Schema talk:Popups

From Meta, a Wikimedia project coordination wiki
Jump to navigation Jump to search
J Train (1973-1979).svg
Maintainer:Phuedx & OVasileva
Team:Reading
Project:Popups
Status:active
Purge:Auto-purge eventCapsule PII, pageIdSource, pageTitleHover, and pageTitleSource after 90 days, keep the rest indefinitely

Creating a basic schema to log analytics for the Popups extension. --Prtksxna (talk) 08:49, 11 February 2014 (UTC)


Sampling (ca. September 2016-August 2017)[edit]

Sampling will be derived by passing in the session-pegged psuedorandom mw.user.sessionId() value (ephemeral cookie) and potential buckets into mw.experiments.getBucket() and determining whether to enroll the user for event logging based on the bucket response. For example, if 10% of sessions should be enrolled for event logging, the groups might be named Control (with a value of 0.9)and B (with a value of 0.1) and if mw.experimentsgetBucket() returns B the session is in scope for event logging.

Do note that devices without sendBeacon support will not be eligible for sampling. This is by design because without sendBeacon there is a lower probability of correctly conveyed clickthroughs. This sendBeacon constraint at the moment means the data will be biased toward Firefox and Chrome users.

See also the discussion at phab:T136746#2648594 (including subsequent comments) on how the sampling works for logged-in users, interacting with the Hovercards Beta Features preference etc. Regards, Tbayer (WMF) (talk) 17:58, 22 September 2016 (UTC)


Sampling rates varying per a/b test. For it and ru a/b tests, we have no sampling for logged-in users. Sampling rates are set at 0.01 for ruwiki and 0.02 for itwiki for anon users.
- OVasileva (WMF) 09.37, 23 September 2016 (UTC)
The Popups instrumentation is enabled on all wikis that have the Popups extension loaded, i.e sewiki and all wikis that have the Beta Features extension loaded. Per 340706, the sampling rate is currently 0.05% of all distinct browser sessions. Phuedx (WMF) (talk) 14:58, 2 March 2017 (UTC)
Correction: 340706 set the sampling rate to 5% of all distinct browser sessions. Phuedx (WMF) (talk) 10:09, 20 April 2017 (UTC)
Per 343675, the sampling rate is current 0.1% of all distinct browser sessions.
Per 367398 and 366882, the sampling rate defaults to 0.1% of all distinct browser sessions and 1% of all distinct browsers sessions on hu-, it-, and ruwiki (see task T171325).


Bucketing (August 2017-)[edit]

At the time of writing [August 25, 2017], no EventLogging is occurring for any of our projects.

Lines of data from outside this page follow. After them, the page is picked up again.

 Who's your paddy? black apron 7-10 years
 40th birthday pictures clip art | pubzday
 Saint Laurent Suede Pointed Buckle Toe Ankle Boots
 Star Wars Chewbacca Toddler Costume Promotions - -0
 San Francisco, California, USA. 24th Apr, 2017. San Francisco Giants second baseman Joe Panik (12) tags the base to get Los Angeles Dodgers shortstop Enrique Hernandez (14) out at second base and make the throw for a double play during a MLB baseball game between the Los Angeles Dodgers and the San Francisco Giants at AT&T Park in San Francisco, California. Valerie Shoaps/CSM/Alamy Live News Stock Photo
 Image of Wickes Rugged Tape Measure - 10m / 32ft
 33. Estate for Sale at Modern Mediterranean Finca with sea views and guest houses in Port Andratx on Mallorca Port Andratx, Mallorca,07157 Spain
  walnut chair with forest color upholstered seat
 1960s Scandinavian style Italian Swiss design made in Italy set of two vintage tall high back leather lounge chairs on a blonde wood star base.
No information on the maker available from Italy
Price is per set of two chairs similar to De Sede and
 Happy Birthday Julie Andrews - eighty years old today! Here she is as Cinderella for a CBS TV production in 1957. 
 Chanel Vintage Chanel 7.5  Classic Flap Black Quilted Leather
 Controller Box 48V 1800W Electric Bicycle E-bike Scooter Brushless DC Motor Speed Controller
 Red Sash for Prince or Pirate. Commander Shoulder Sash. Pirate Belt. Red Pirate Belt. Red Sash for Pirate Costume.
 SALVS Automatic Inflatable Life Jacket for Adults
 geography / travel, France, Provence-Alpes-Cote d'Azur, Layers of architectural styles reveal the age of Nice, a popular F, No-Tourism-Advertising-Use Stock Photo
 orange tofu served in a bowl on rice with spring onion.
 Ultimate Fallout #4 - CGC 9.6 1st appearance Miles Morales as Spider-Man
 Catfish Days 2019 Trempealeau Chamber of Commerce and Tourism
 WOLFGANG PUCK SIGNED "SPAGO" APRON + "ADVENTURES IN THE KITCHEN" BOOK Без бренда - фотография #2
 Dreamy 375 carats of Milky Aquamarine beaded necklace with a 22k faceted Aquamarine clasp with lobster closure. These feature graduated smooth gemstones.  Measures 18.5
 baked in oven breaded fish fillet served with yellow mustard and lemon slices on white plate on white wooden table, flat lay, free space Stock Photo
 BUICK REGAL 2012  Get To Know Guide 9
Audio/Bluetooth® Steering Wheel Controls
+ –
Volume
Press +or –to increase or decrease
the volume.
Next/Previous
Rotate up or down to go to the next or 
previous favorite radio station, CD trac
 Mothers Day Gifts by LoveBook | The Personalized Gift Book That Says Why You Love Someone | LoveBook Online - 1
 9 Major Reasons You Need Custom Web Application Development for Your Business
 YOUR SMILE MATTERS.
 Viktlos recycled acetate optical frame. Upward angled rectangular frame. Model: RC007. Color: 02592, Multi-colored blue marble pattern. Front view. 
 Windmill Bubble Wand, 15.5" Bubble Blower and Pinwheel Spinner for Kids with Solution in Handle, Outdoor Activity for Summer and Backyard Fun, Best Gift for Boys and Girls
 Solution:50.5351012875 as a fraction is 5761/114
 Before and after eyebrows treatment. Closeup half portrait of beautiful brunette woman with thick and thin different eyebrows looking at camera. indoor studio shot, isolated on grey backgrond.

Each anonymous user will be assigned one of the following buckets: on; control; or off. These buckets have the following behaviours:

  • If the user is in the on bucket, then Page Previews will be enabled by default and the EventLogging instrumentation will be enabled.
  • If the user is in the control bucket, then previews will be disabled by default and the instrumentation will be enabled.
  • If the user is in the off bucket, then previews will be disabled by default and the instrumentation will be disabled.

The bucket is calculated by passing in the session-pegged psuedorandom mw.user.sessionId() value (an ephemeral cookie) and buckets into mw.experiments.getBucket(). The on and control buckets are defined as 0.5 * $wgPopupsAnonsExperimentalGroupSize (X), with the off bucket capturing the rest of the population (i.e. 1 - X).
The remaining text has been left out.